[Stored data entries]
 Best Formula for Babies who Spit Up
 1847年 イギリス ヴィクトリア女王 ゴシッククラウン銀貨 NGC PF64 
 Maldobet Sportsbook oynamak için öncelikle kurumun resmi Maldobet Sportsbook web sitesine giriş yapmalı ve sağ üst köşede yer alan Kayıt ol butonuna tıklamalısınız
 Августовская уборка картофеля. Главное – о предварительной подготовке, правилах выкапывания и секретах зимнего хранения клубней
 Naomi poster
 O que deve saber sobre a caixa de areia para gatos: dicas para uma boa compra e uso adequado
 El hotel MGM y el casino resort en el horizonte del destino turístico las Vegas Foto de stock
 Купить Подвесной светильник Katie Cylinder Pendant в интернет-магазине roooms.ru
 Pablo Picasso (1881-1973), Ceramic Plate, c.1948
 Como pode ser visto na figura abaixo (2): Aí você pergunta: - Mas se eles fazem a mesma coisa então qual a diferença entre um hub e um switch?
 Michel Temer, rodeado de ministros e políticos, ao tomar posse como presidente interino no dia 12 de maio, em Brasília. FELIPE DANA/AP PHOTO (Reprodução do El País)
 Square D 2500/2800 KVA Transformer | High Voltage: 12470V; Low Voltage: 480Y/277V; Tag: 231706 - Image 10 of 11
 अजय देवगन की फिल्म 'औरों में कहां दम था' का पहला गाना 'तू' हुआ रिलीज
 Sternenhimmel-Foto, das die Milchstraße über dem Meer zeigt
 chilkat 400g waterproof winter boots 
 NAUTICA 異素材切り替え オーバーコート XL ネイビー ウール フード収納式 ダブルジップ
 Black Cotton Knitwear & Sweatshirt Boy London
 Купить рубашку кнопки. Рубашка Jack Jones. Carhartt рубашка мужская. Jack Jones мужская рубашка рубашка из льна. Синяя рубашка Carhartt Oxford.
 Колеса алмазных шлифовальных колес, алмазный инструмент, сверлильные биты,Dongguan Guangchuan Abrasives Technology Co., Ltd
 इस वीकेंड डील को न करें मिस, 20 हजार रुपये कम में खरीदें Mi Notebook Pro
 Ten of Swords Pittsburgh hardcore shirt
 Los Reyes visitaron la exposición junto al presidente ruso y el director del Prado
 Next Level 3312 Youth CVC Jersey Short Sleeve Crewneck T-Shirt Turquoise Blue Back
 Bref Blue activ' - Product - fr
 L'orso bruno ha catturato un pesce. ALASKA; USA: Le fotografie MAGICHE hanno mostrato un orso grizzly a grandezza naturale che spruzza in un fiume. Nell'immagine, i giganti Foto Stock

## GOAL OF THE EXERCISE
Lines from the one containing "NAUTICA 異素材切り替え オーバーコート" to the end of the data are to be printed exactly, including the first and last.

## OUTPUT OF THE TASK
 NAUTICA 異素材切り替え オーバーコート XL ネイビー ウール フード収納式 ダブルジップ
 Black Cotton Knitwear & Sweatshirt Boy London
 Купить рубашку кнопки. Рубашка Jack Jones. Carhartt рубашка мужская. Jack Jones мужская рубашка рубашка из льна. Синяя рубашка Carhartt Oxford.
 Колеса алмазных шлифовальных колес, алмазный инструмент, сверлильные биты,Dongguan Guangchuan Abrasives Technology Co., Ltd
 इस वीकेंड डील को न करें मिस, 20 हजार रुपये कम में खरीदें Mi Notebook Pro
 Ten of Swords Pittsburgh hardcore shirt
 Los Reyes visitaron la exposición junto al presidente ruso y el director del Prado
 Next Level 3312 Youth CVC Jersey Short Sleeve Crewneck T-Shirt Turquoise Blue Back
 Bref Blue activ' - Product - fr
 L'orso bruno ha catturato un pesce. ALASKA; USA: Le fotografie MAGICHE hanno mostrato un orso grizzly a grandezza naturale che spruzza in un fiume. Nell'immagine, i giganti Foto Stock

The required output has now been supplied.